Теперь в похожую ситуацию попал я. Теперь и мне придётся объяснять кому-то, что я не Куровский, а приездный, то бишь приезжий (герой книги «Высокое небо» путает слова). Ну что ж, попробую вспомнить польский язык, чтобы изъясниться правильно и точно. Как там по-польски «приезжий»? Забыл… Вот ведь странно: с польского на русский перевожу довольно легко, а если нужно наоборот, нередко теряюсь. Всё потому, должно быть, что не было у меня практики. Никогда прежде не беседовал с поляками. Мозг мой не привык быстро строить польские фразы. Ну, хорошо, скажу, что «пшиехалем з Росьи», «приехал из России», «естэм гощчем» (я гость) и сейчас позову пана Эдварда. Как по-польски будет «позову»? «Поволям», «заволям»? Нет, кажется не так. Ах, чёрт, забыл! Вот так переводчик…

И вдруг слышу в трубке:
–Лёша?

Что ещё такое? Кто это меня позвал? Кажется, я ослышался. Должно быть, спросонок. Ну да, совсем как в книжке Куровского…

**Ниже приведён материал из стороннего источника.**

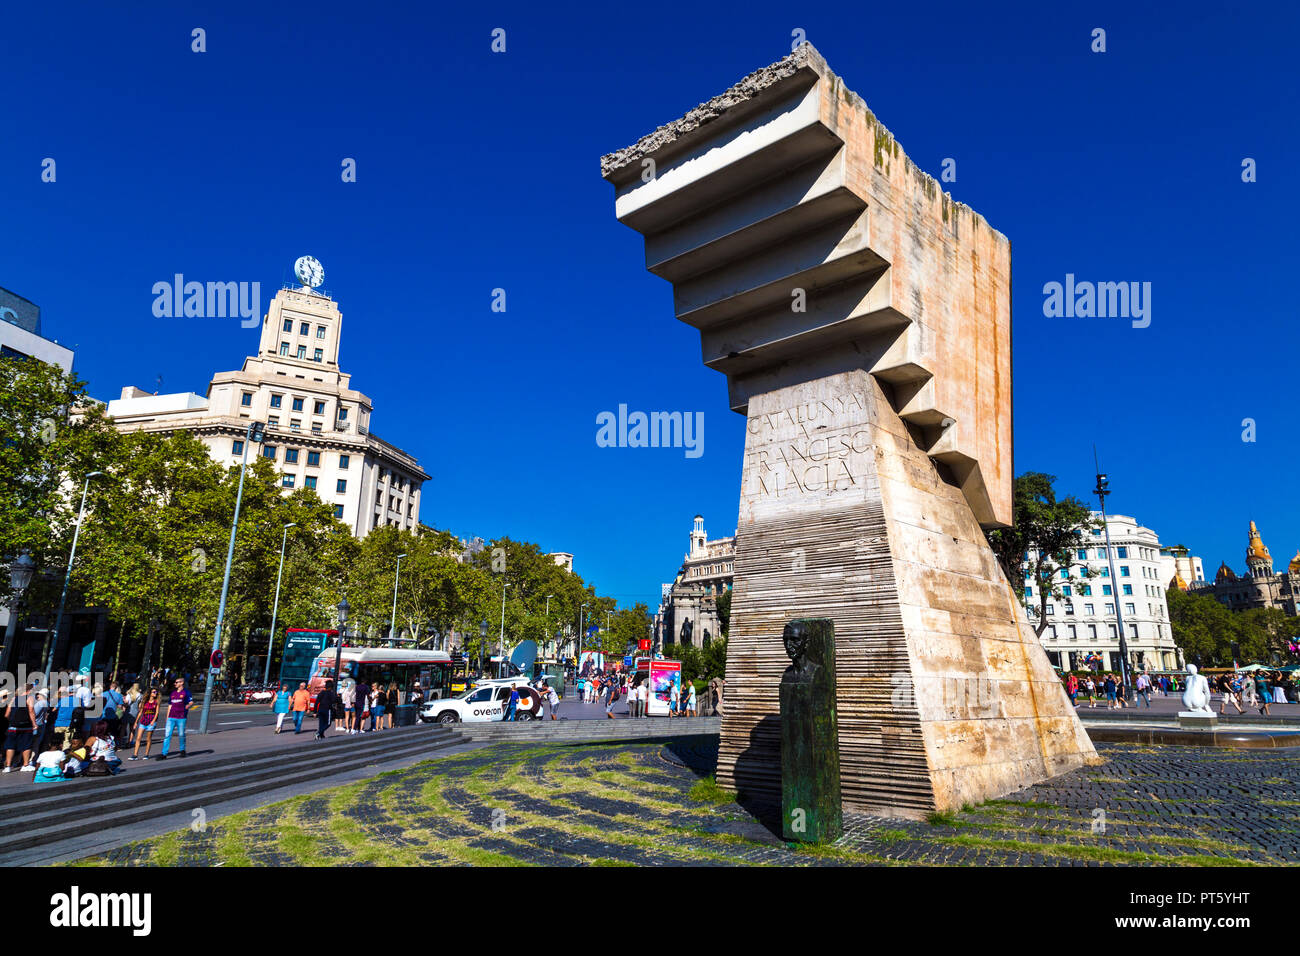 Monument à Francesc Macià leader politique catalane par le sculpteur Josep Maria Subirachs, Plaça de Catalunya, Barcelone, Espagne Banque D'Images
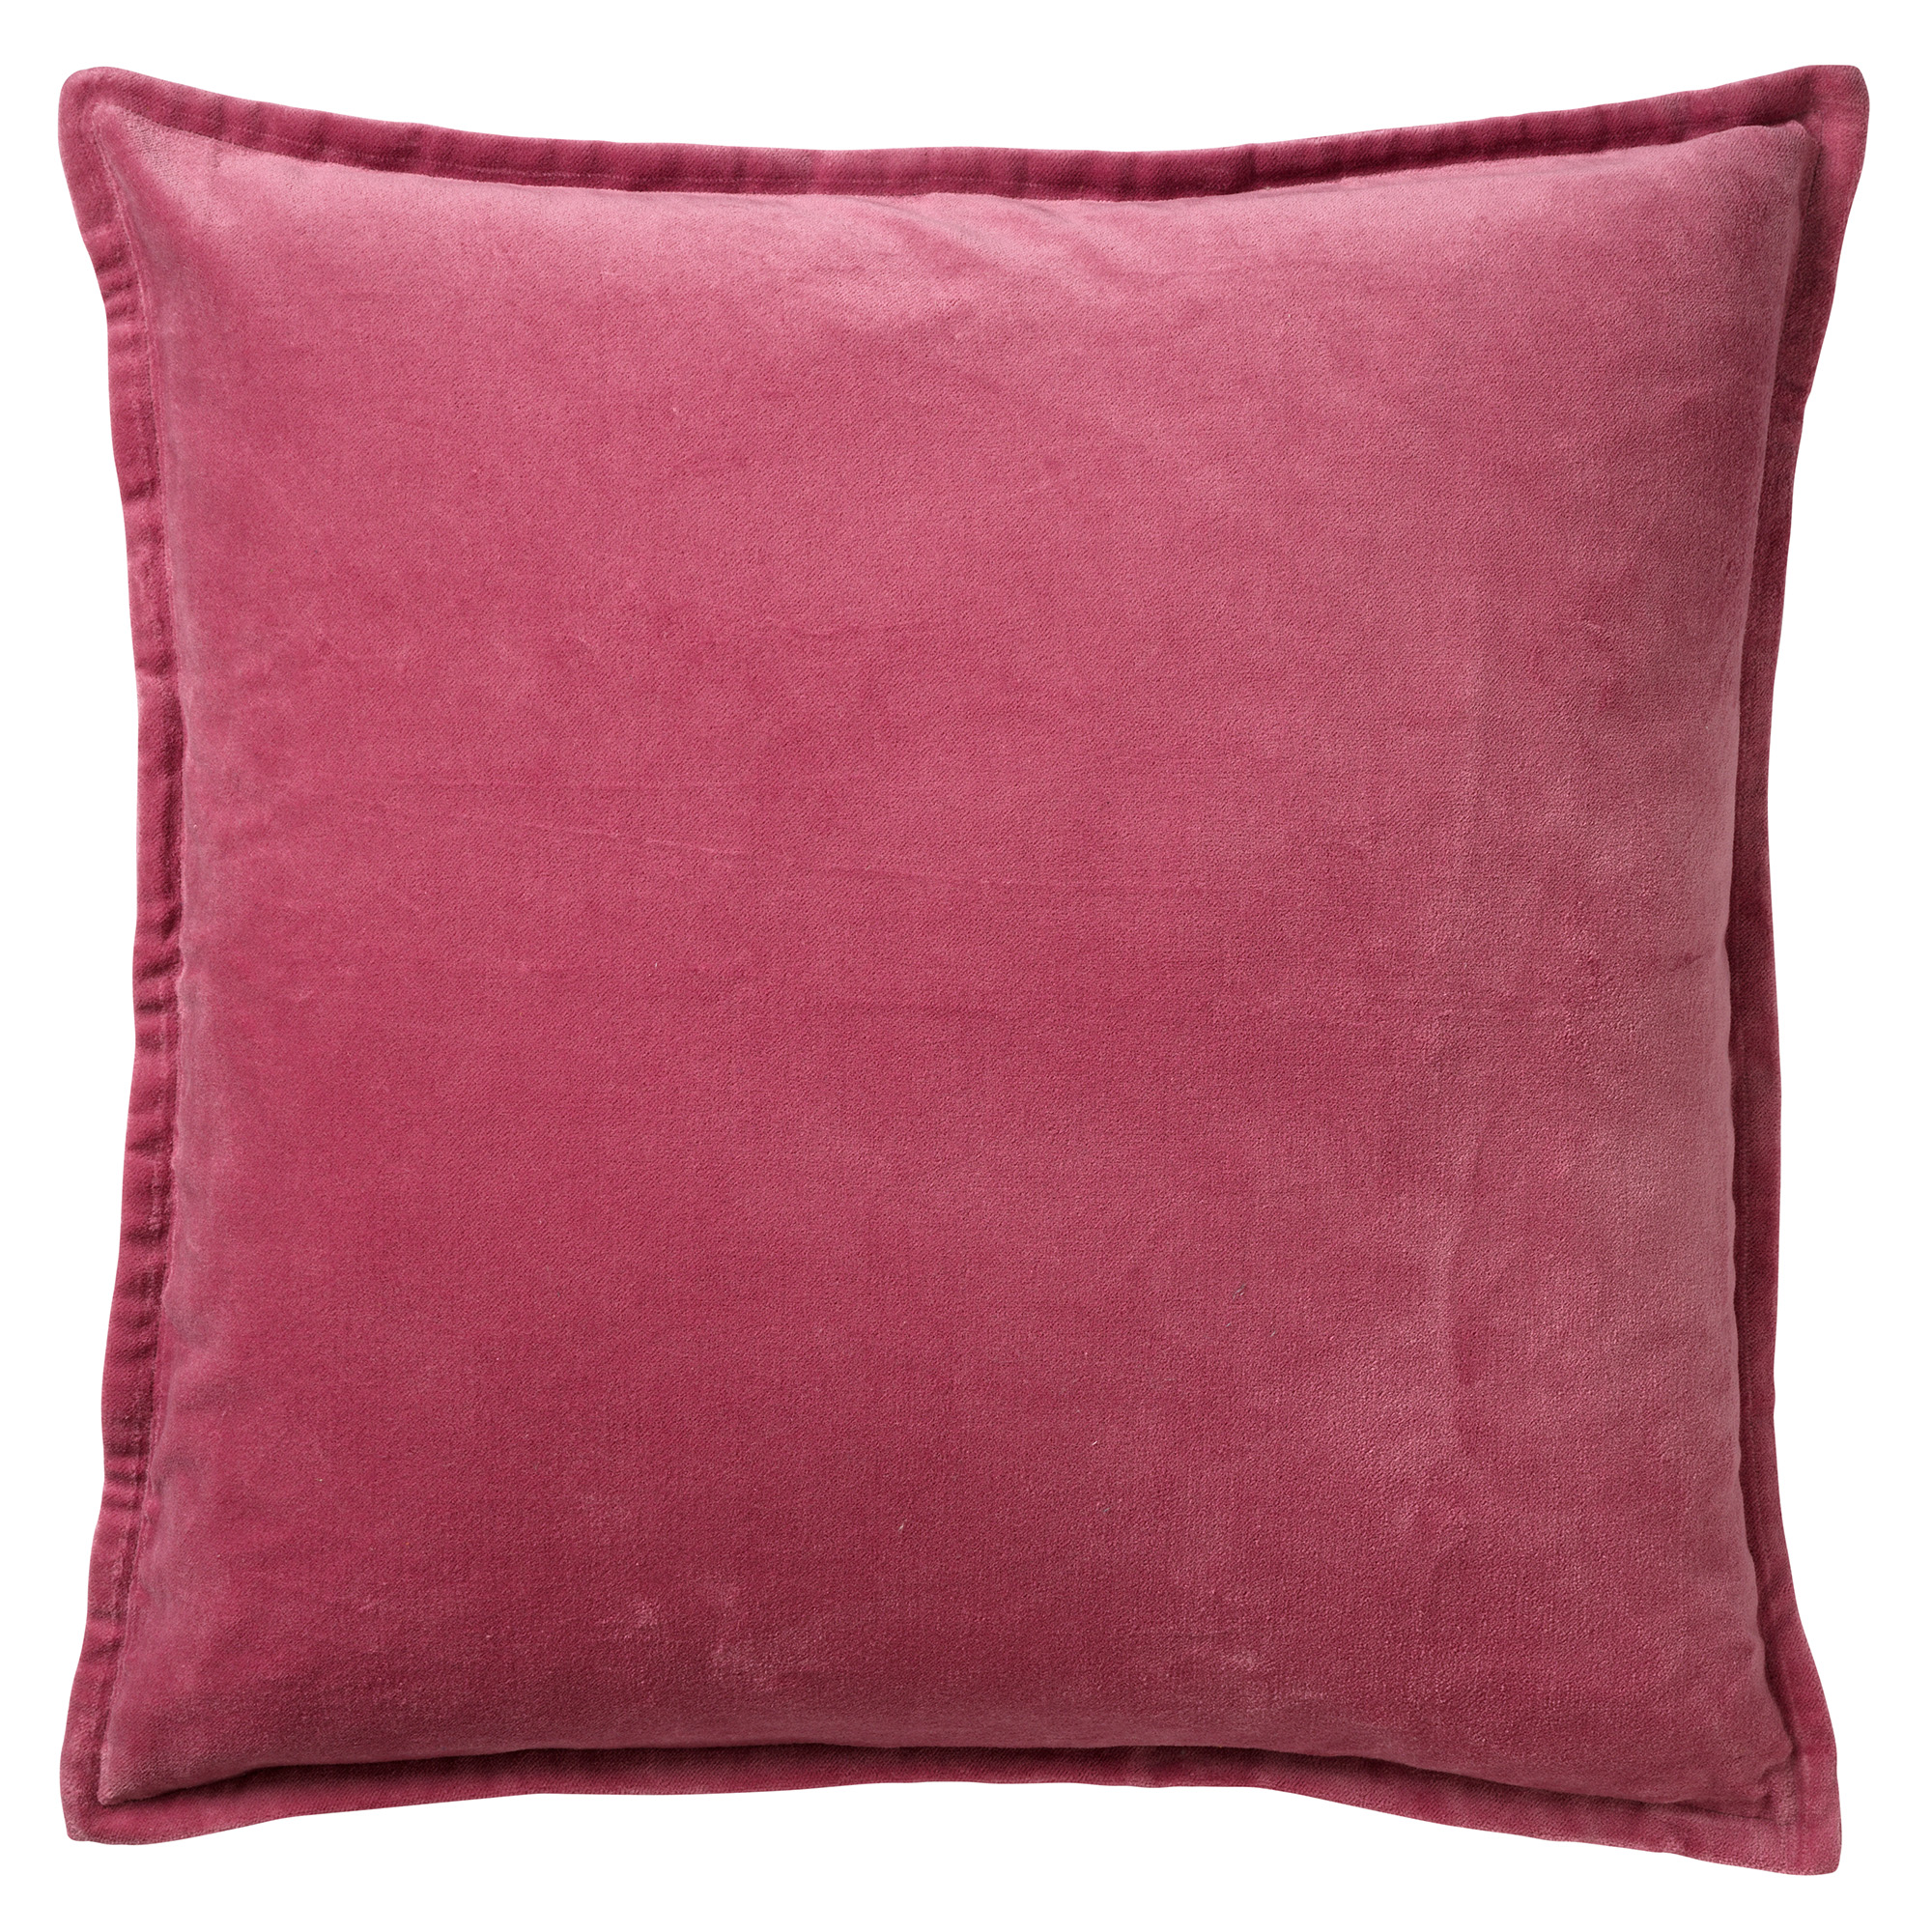 CAITH - Kussenhoes 50x50 cm - 100% katoen velvet - lekker zacht - Heather Rose - roze

–Могэ попросич пана Эдварда (Могу попросить пана Эдварда), – предлагаю я.
–Ещли можна, – сердито отвечает трубка на непонятно каком языке. Похоже всё же на польский. Или это словацкий? А что, пани Галина, жена Эдварда, долго жила в Братиславе. Возможно, звонят какие-нибудь её знакомые. Наверно, тоже перепутали все славянские языки…

Бегу в соседнюю комнату за Куровским, зову к телефону. Он осторожно поднимается, идёт по коридору медленно, щадит больную ногу.

Я возвращаюсь к трубке первым.
–Проше пана зачекач (Подождите, пожалуйста), – говорю.

Но чудеса продолжаются.
–Что это ты там всё время по-польски долдонишь? – спрашивает трубка.
–Э-э… что?
–Ты что там – пьяный? С утра?

Да, вчера вроде бы неплохо выпили, вспоминаю я. Но ведь не так много, чтобы совсем ничего не понимать…
–А кто это?
–Михин.

Вот те на! Валерий Иваныч! А я не узнал…
–Ну, как ты там? Чем занимаешься? – спрашивает он.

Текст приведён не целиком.